I'm feeling very pleased with myself.  I finished a painting.

This is the painting that I was working on when my friend Loggan convinced me that I needed to start printing some of my photos instead of just hiding them on my computer with the idea that someday I'd get around to painting or drawing them.  And now it's done.  And apparently sold.

If you've been to my shows and asked me about the photos that I showed this year, then you already know much of this story.  I take lots of pictures. Lots.  Tons.  And now that everything is digital, whether on my camera or my phone, all of them get loaded up on my computer.  I then play around with the ones I like best...  Well, actually, I play around with most of them regardless, finding the best composition, changing it to black and white if it should be a pen & ink,  tweaking the colors if it should be a painting, sometimes changing the color scheme entirely, and running them through some other filters to add some cool visual effects.  Sometimes I forget to go to bed when I'm doing this.  And then, after all that work, it goes on a memory stick in a file called "potential" where it mostly sits unseen except by me and, perhaps, the man-spouse if he happens to notice. 

I like morning light a lot, so frequently my picture taking expeditions happen on a Sunday morning when I'm getting off work, and the parking downtown is free and abundant.  The photo for the painting above was taken one October morning when the sun had moved to the south and was lighting up the north side of the Bricktown Canal.  There is a bar on that side (I thought it was a restaurant, but it's a bar) where all the seating is brightly painted wooden chairs.  The morning light on the chairs was incredibly beautiful, and I took several pictures with my little Kodak.  Six of those pictures turned out pretty good, five I liked well enough to paint, four I intend to paint (though I haven't decided which one to skip,) and two I love.

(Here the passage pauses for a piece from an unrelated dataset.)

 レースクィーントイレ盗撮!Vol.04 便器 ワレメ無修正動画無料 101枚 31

Frankly, painting a series is pretty ambitious for me.  I already have five canvases sitting in the studio that I haven't been working on, some of them years old.  And there is a large pen & ink that I started a year and a half ago that hasn't seen the light of day in... uh...

 I know.  I'm ashamed. 

So one night, Loggan and his partner, Steve, come over for dinner, and we all wander out to the studio because Loggan wants to see what I'm working on.  I showed him this partially completed painting, and explain that it's going to be one of four, and then I fire up the computer to show him the other three.  As I'm scrolling through the source file, he says, "What's all this?"  I explained that this is my source file for all my future works.  He said, "Doc, you're never going to get around to that.  These are wonderful the way they are.  Why don't you just find someone who can print them for you, and put them in your show, and see if anyone likes them."  The man-spouse concurred, because, well, he knows me.

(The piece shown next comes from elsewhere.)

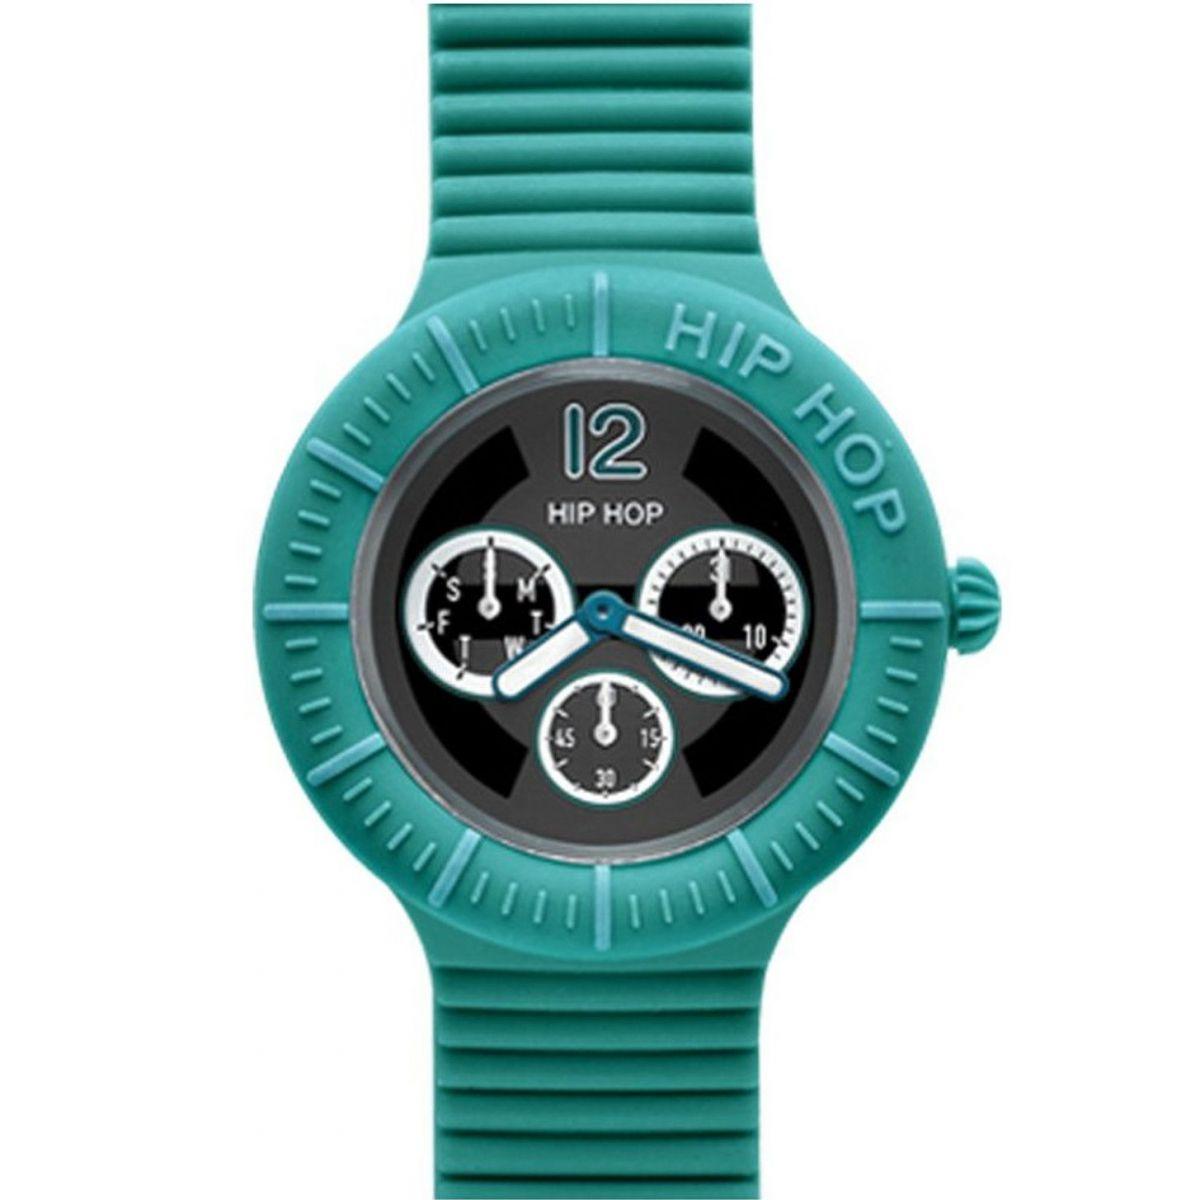 Orologio Hip Hop Sportsman Multifunzione HWU0178 da 42 mm Turchese

Within a couple of weeks afterwards, I found out that Tim, the guy who cuts my frames for me, had a giclĂ©e machine.  I asked some questions about how it worked, and how I should provide him with my images, and then brought him my memory stick with all my pictures.  I had him print my favorite.  O Em Gee, it was gorgeous.  Ultimately, I had him print eleven different pictures, which I had in my shows this year.

But...
I discovered that some of the picture I had were small.  The large ones worked very well printed in a large format, but others, either through cropping or reducing, could not be printed large without becoming pixelated.  The chair pics happened to be thus, which is okay, because they would still be painted anyway, but there were others that I would have liked to have had ready for upcoming shows.  Yeah, I could print them small, but there's just something about the image that says it needs to be bigger, y'know?

So, in spite of having a new medium to show, it seems I still have a lot of work to do.  I guess I better get crackin'.